In the face of increasing uncertainty, Fidelity recommends companies with strong brands, stable earnings and solid balance sheets. Such quality stocks could help minimize risks.
• Fidelity recommends companies with strong brands and stable earnings for 2026
• Recurring sales through subscription models are considered a quality feature
• Periods of increased volatility can provide buying opportunities
What distinguishes quality stocks
In an outlook published on November 26, 2025, Fidelity explains why high-quality companies can be particularly attractive in uncertain times. Although the fundamental prospects for 2026 are positive, there are considerable risks – from trade conflicts to geopolitical tensions to high global debt. In this environment, companies with strong competitive advantages, pricing power and established brands may be best positioned to deal with the unknown, said Sonu Kalra, manager of Fidelity Blue Chip Growth Fund.
There is no uniform definition of quality, but Fidelity fund managers cite several characteristics. Sammy Simnegar, manager of the Fidelity Magellan Fund, pays attention to three factors: strong brands, high barriers to entry and first-class management. However, the best indicator is the predictability of profits. Companies with recurring revenue – for example through subscription models – performed particularly well here. Simnegar compares such business models to a toll booth that generates a steady stream of income regardless of the market situation.
Examples from different industries
As the Fidelity article shows, the fund managers find quality companies in different sectors. One example is CostCo: The retailer generates around two thirds of its profits from membership fees and operates with such low margins that competitors are pushed out. Another example is Verisk Analytics, a provider of analysis and risk assessment software for the insurance industry, which generates more than 80 percent of its revenue from subscriptions.

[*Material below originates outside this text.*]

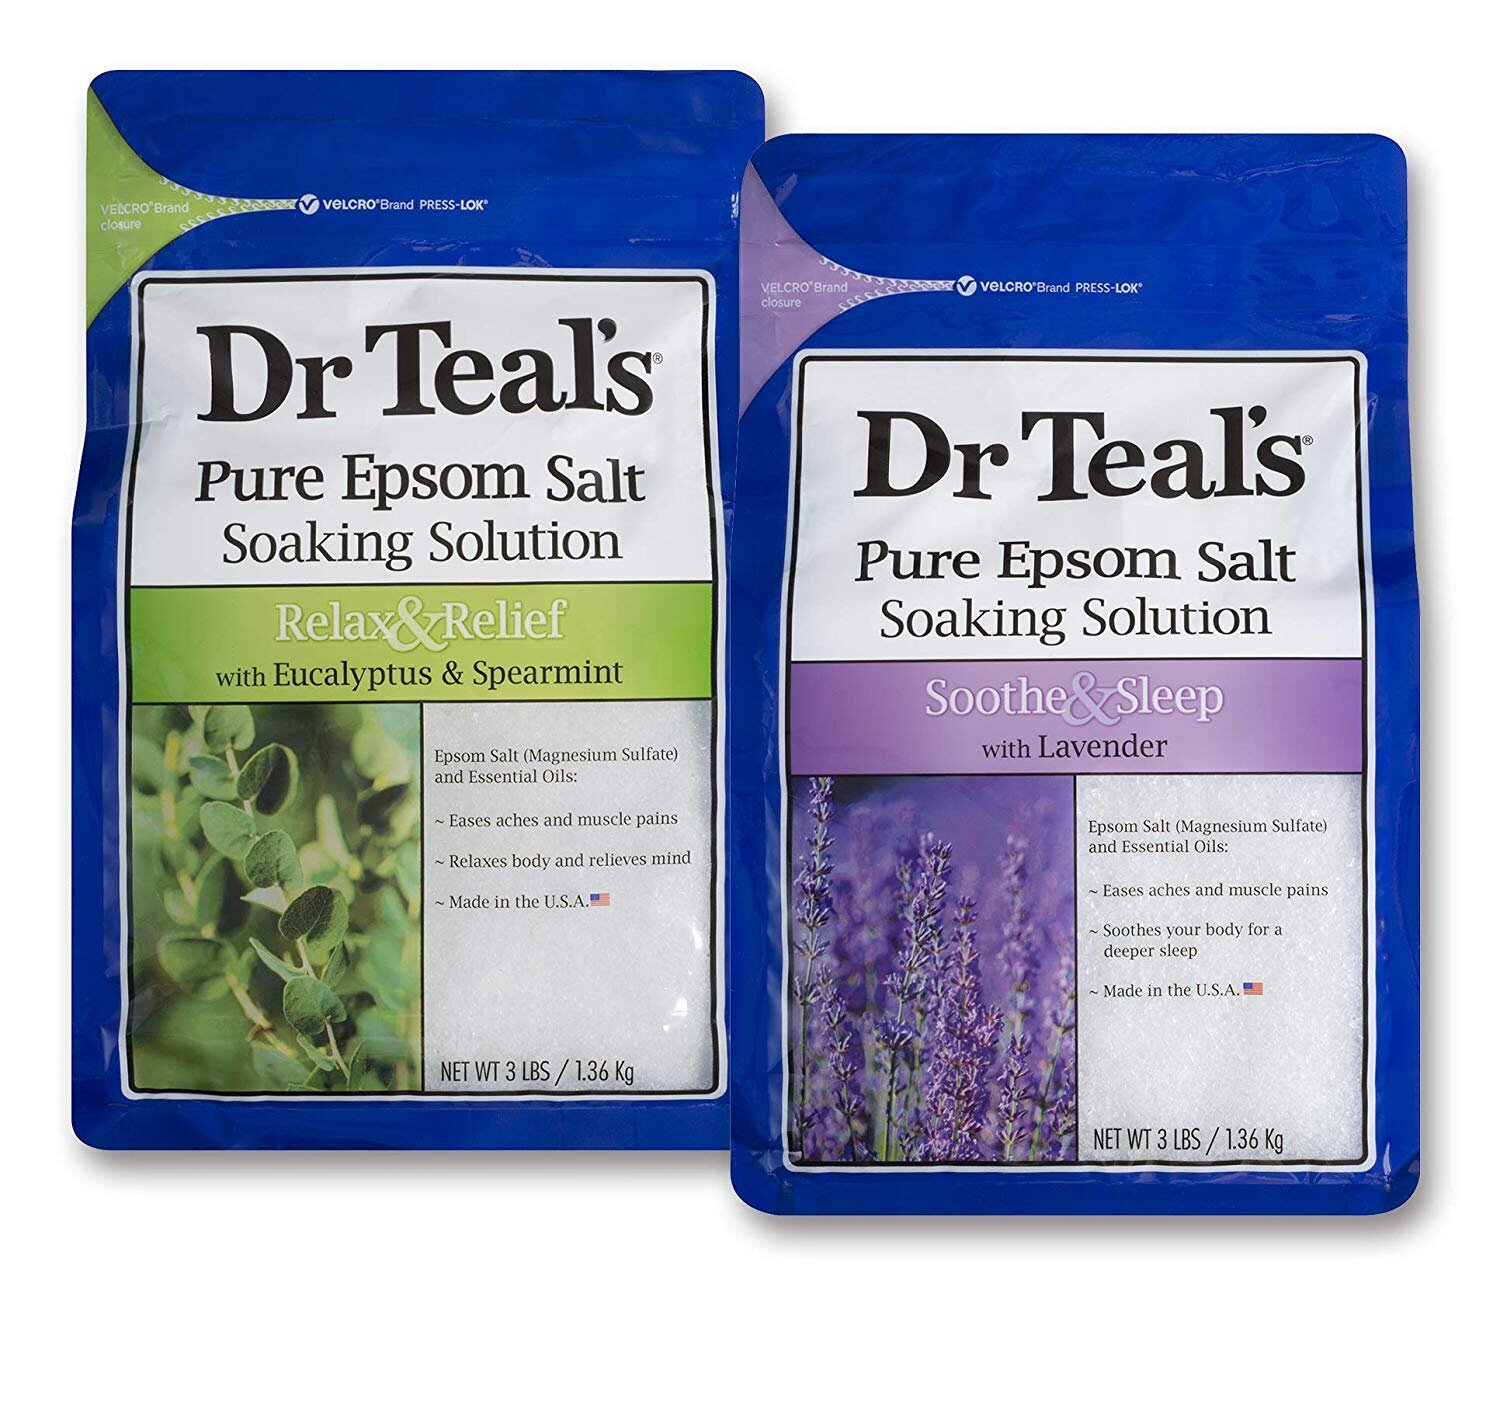  Dr Teal's Epsom Salt Bath Soaking Solution
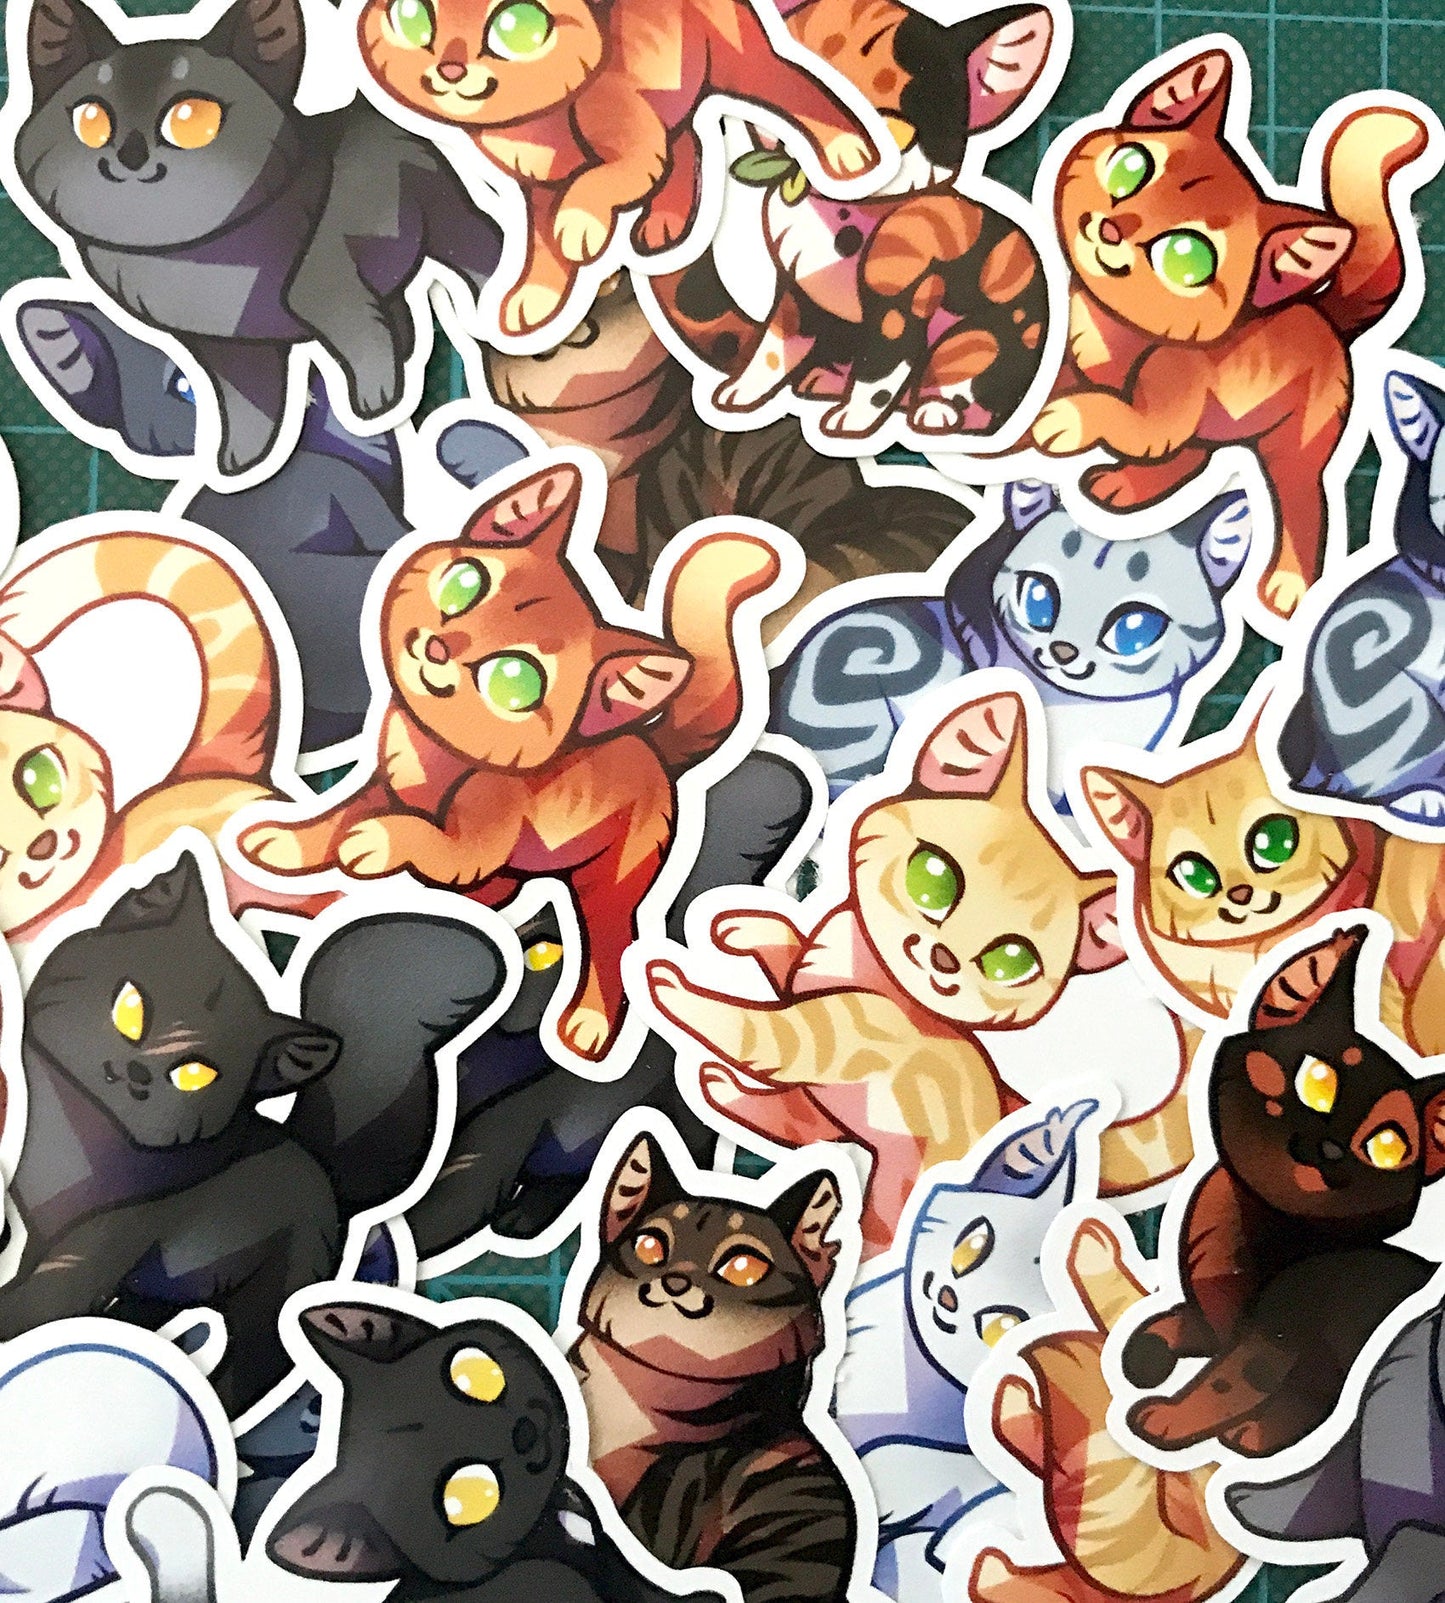 Cute Warrior Cats Sticker set

In the technology sector, the boundaries between classic blue-chip stocks and growth stocks have become blurred. Companies like NVIDIA, Alphabet and Meta have become the fastest growing companies on the market and at the same time have high margins and dominant market positions. Jason Weiner, co-manager of Fidelity Contrafund, defines quality as companies whose products or services are so essential that customers would be very unhappy if they disappeared. These companies benefit from the so-called flywheel effect: the larger they become, the more their growth accelerates because each additional customer makes the offer more attractive, generates more data or revenue and thus enables new investments in better products – which in turn attracts even more customers.
What distinguishes quality stocks
The concept of quality stocks is also anchored in factor investing. As Invesco explains in an analysis of the quality factor, this approach focuses on companies with high profitability, low debt and stable earnings – characteristics that are more resilient during periods of economic stress or rising inflation. Historically, the S&P 500 Quality Index has performed better than the broader market in falling markets, while lagging slightly behind in sharply rising phases. However, this approach has typically outperformed over the entire market cycle.
For investors, periods of increased volatility could provide opportunities to purchase quality stocks at cheaper prices. As Kalra emphasizes in the Fidelity outlook, a long investment horizon is crucial: if you find companies with long-term growth potential, you can let time and compound interest do the work.